Curried Cornbread Pudding

  • 1 small onion, finely chopped
  • 1 (12 ounce) package Jones All Natural Roll Sausage
  • 1/4 teaspoon ground black pepper
  • 4 cups day-old cornbread cubes
  • 3 cups shredded part-skim Mozzarella cheese
  • 10 large eggs
  • 2 1/2 cups skim milk
  • 1 teaspoon ground coriander
  • 1/2 teaspoon ground cumin
  • 1/4 teaspoon ground ginger
  • 1/8 teaspoon dry mustard
  • 1/4 teaspoon curry powder
  • 1/8 teaspoon ground black pepper
  • 4 Granny Smith apples, cored and thinly sliced


  1. Pumpkin Sauce: Measure all the ingredients into a small saucepan, stir together and cook over medium heat until heated through.
  2. Heat oven to 350 degrees F.
  3. In a large skillet over medium-high heat, sauté the chopped onion and sausage until cooked through, about 3 minutes.

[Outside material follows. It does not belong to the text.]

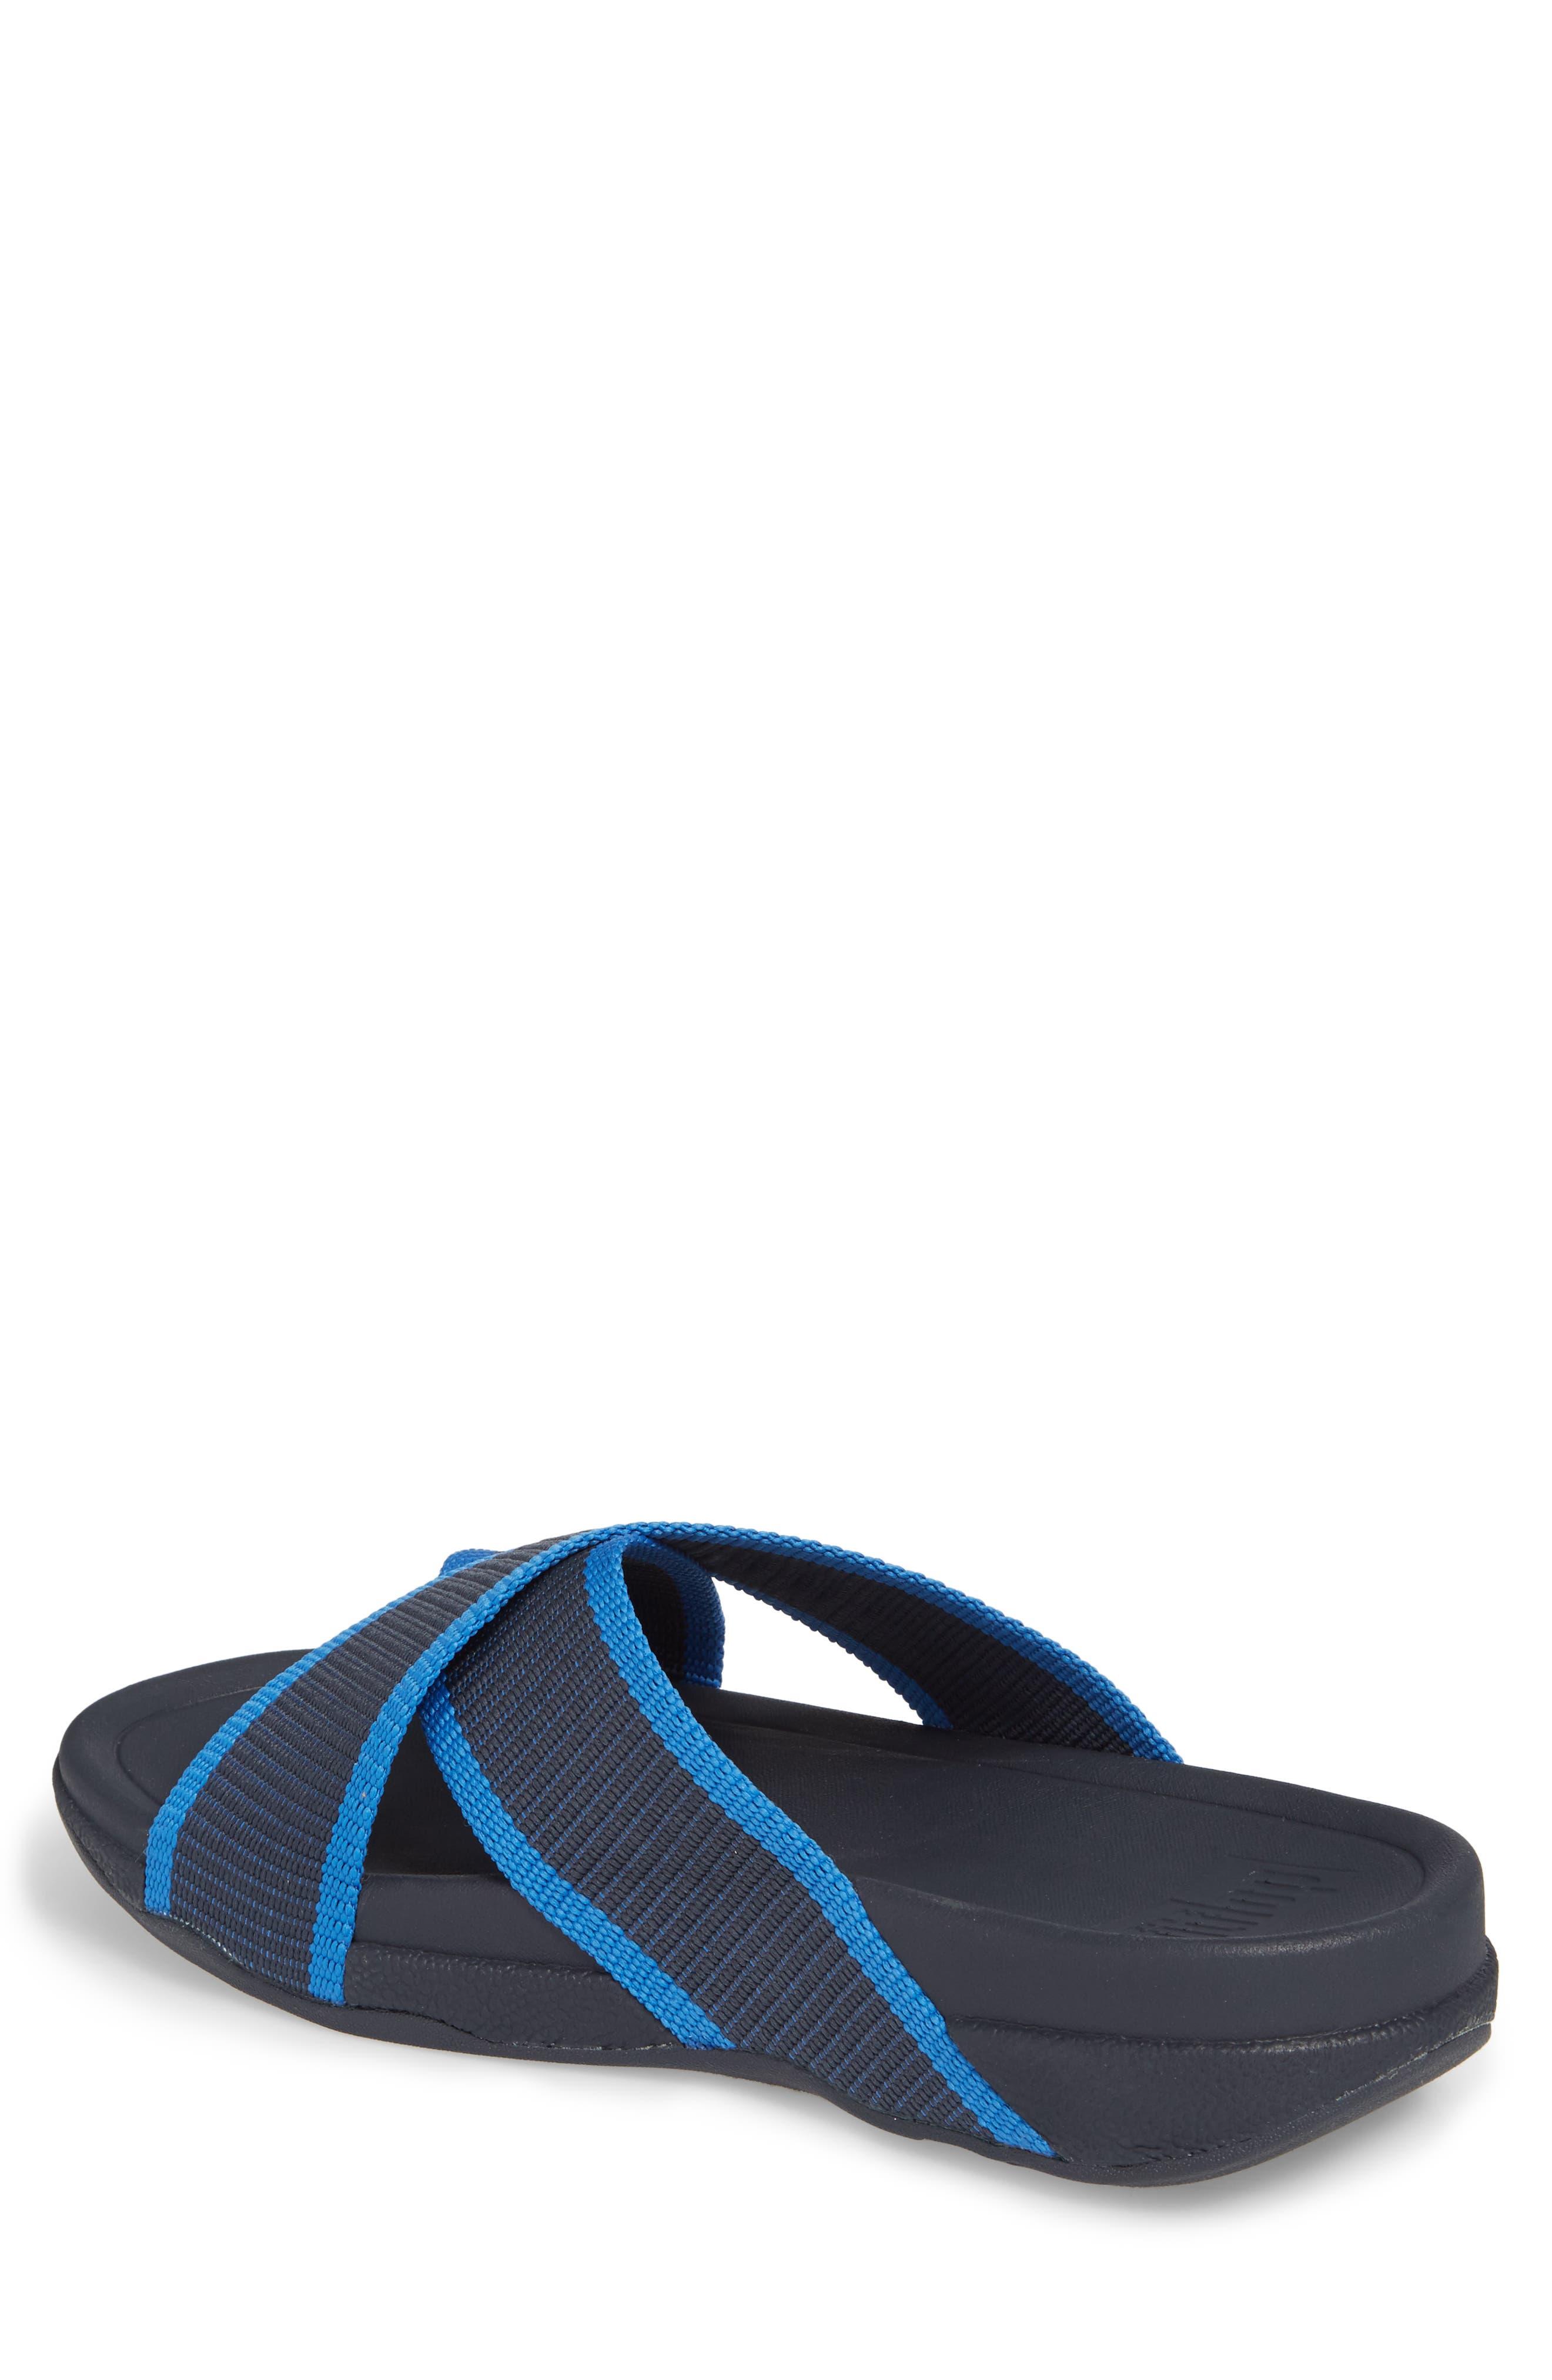 Surfer Slide Sandal,                             Alternate thumbnail 2, color,                             SUPERNAVY BLUE

  4. Stir in 1/4 teaspoon black pepper, then remove from heat. Drain well.
  5. Curried Cornbread Pudding: Spray muffin cups with non-stick cooking spray. Divide the cornbread cubes evenly among the 24 muffins cups. Next, layer the sausage, then the cheese. Set aside.
  6. In a medium bowl, mix the eggs, skim milk, coriander, cumin, ginger, dry mustard, curry powder and 1/8 teaspoon ground black pepper. Beat for 5 minutes.
  7. Pour about 1/4 cup of the egg-milk mixture into each muffin cup. Top each muffin cup with 3 to 5 apples slices arranged in a pinwheel.
  8. Bake uncovered for 25 minutes or until pudding is "set."
  9. Remove from oven and let sit 5 minutes before serving.
  10. For each serving: Run a knife around the edge of the muffin cups. Carefully remove 2 "bread puddings" and set on a plate.
  11. Serve warm with a pool of warm Pumpkin Sauce on the side.